Two parts : 1. Build three Natural Language Processing (NLP) models: baseline, Recurrent Neural Network (RNN), and Convolutional Neural Network (CNN) to predict a 2-class dataset using Pytorch torchtext library and pre-trained word vectors 2. Create a command-line interface to test "subjectivity" of a sentence
Subjective/Objective Sentence Classification Using Word Vectors and NLP
Dataset: 10,000 sentences (5,000 subjective, 5,000 objective) from https://www.cs.cornell.edu/people/pabo/movie-review-data/ based on Rotten Tomatoes Movie Reviews and IMDb plot summaries
Goal: Two parts
1. Build three Natural Language Processing (NLP) models: baseline, Recurrent Neural Network (RNN), and Convolutional Neural Network (CNN) to predict a 2-class dataset using Pytorch torchtext library and pre-trained word vectors
2. Create a command-line interface to test "subjectivity" of a sentence
Hyperparameters
- Learning Rate = 0.001
- Batch Size = 64
- Epochs = 25
- Adam Optimizer (Default settings, as described in PyTorch Documentation)

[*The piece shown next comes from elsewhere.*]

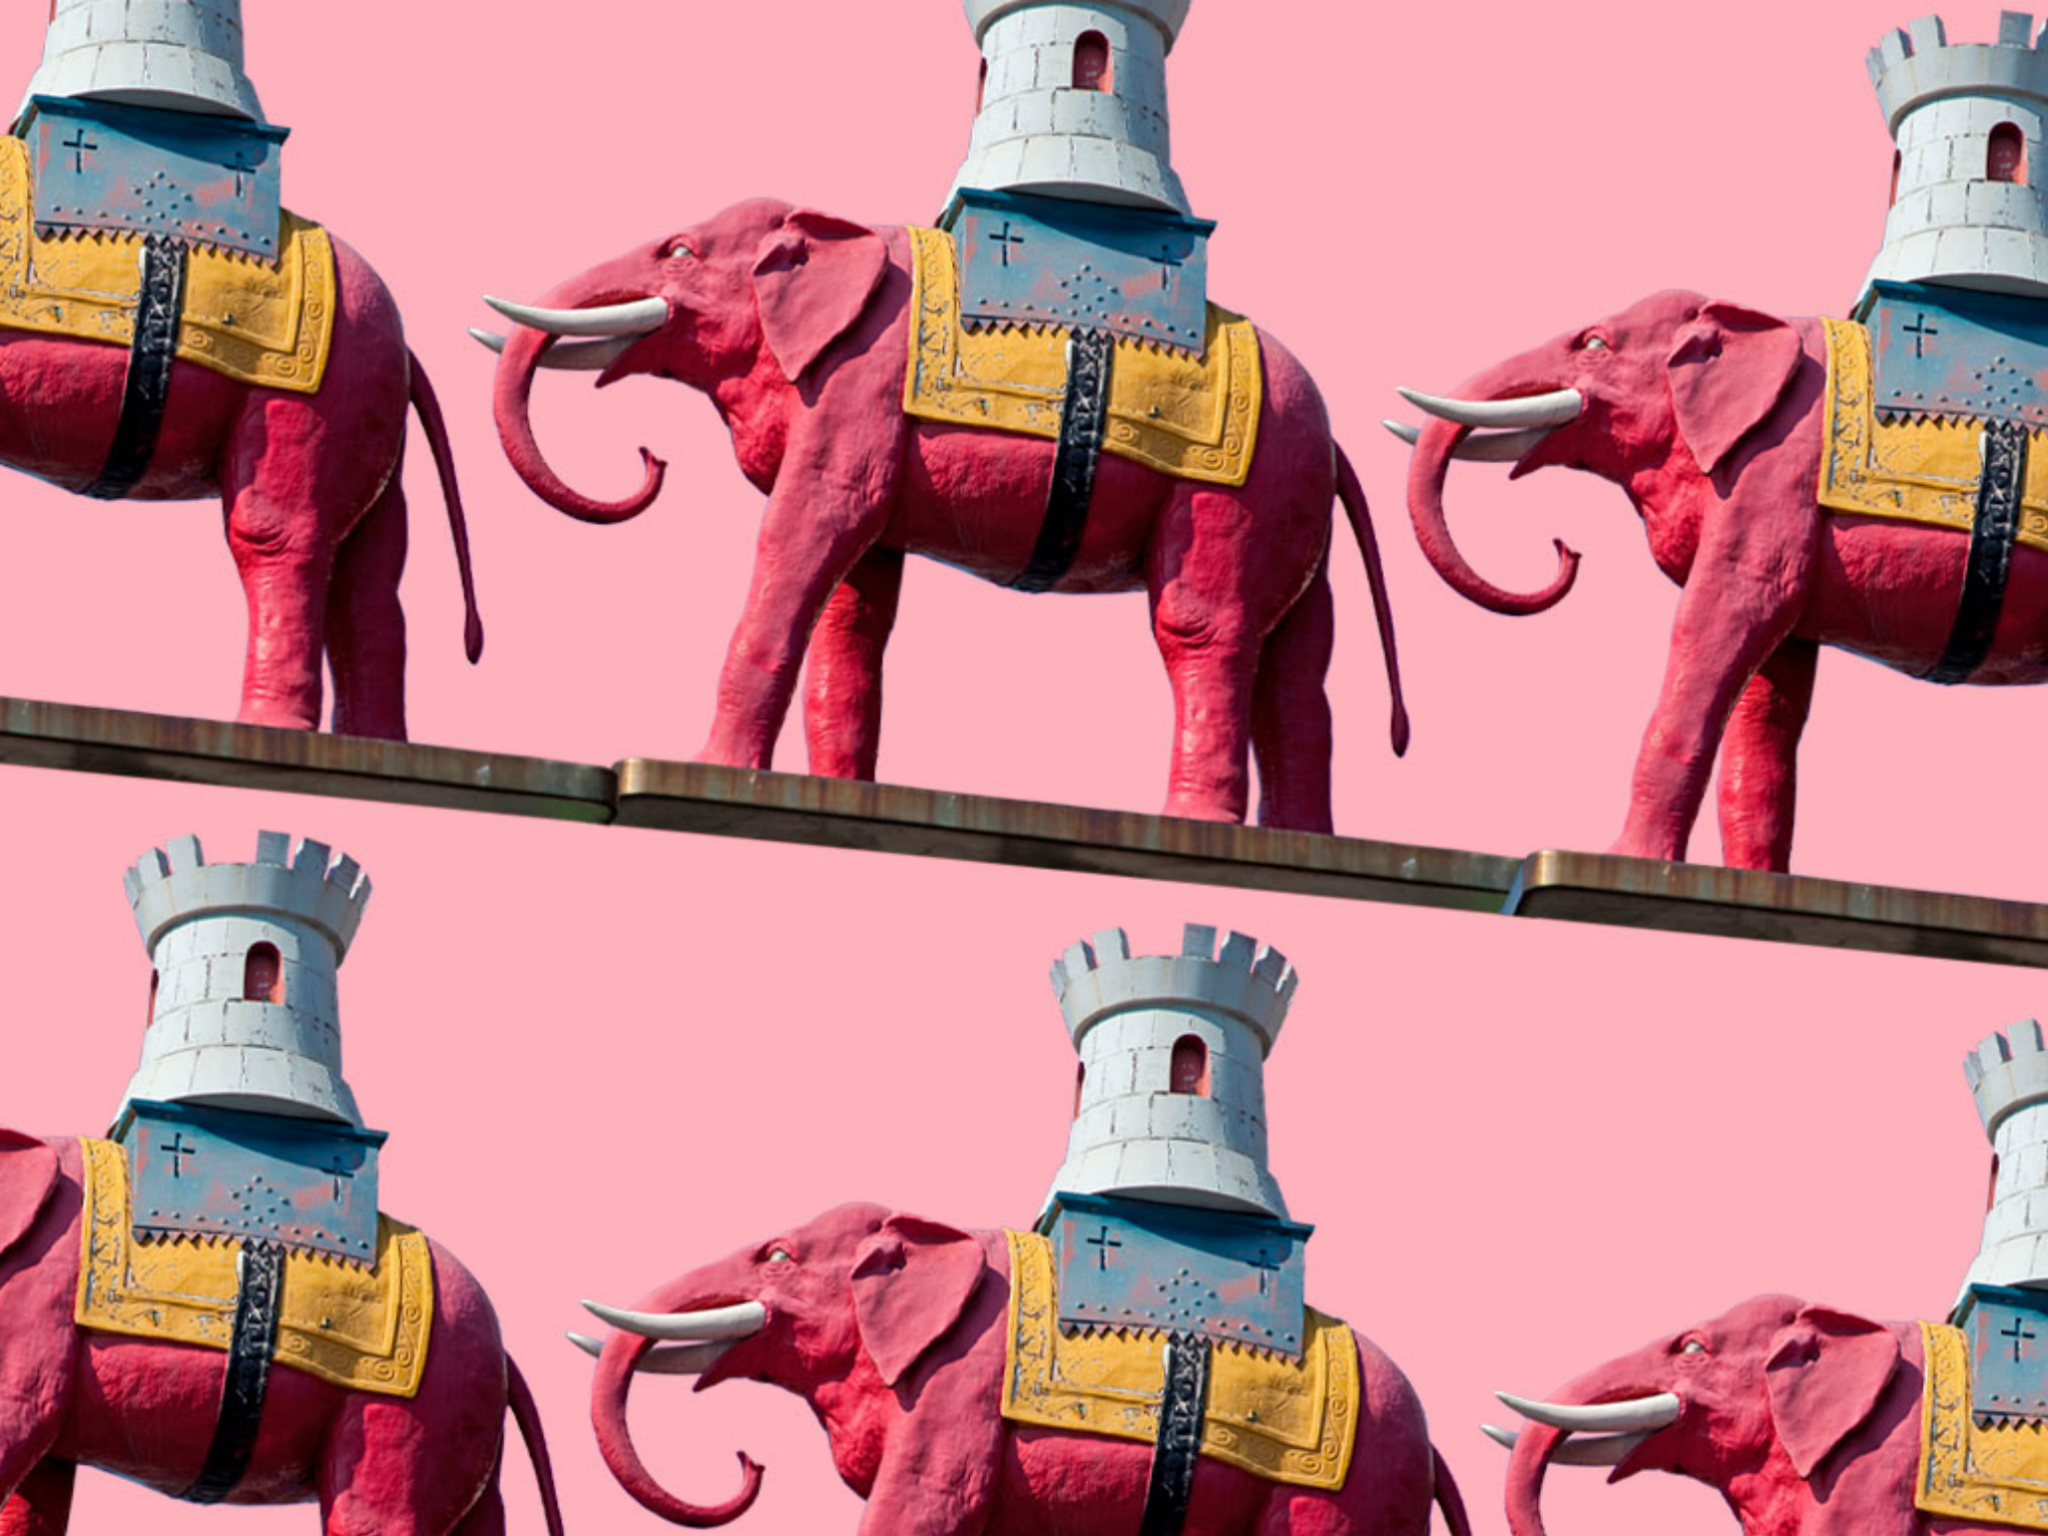 clarks factory shop london elephant castle

- Loss Function = Binary Cross Entropy
Note:
GloVe model will be downloaded if not already present. Required space of 822 MB
only 'glove.6B.100d.txt' file required of GloVe model
install the following packages:
torchtext, spacy
download 'en' from spacy
Train:
- ensure all files are downloaded
- run main.py
Subjective Sentence Command-Line Tester:
- ensure models and data folder and subjective_bot.py are downloaded
- run subjective_bot.py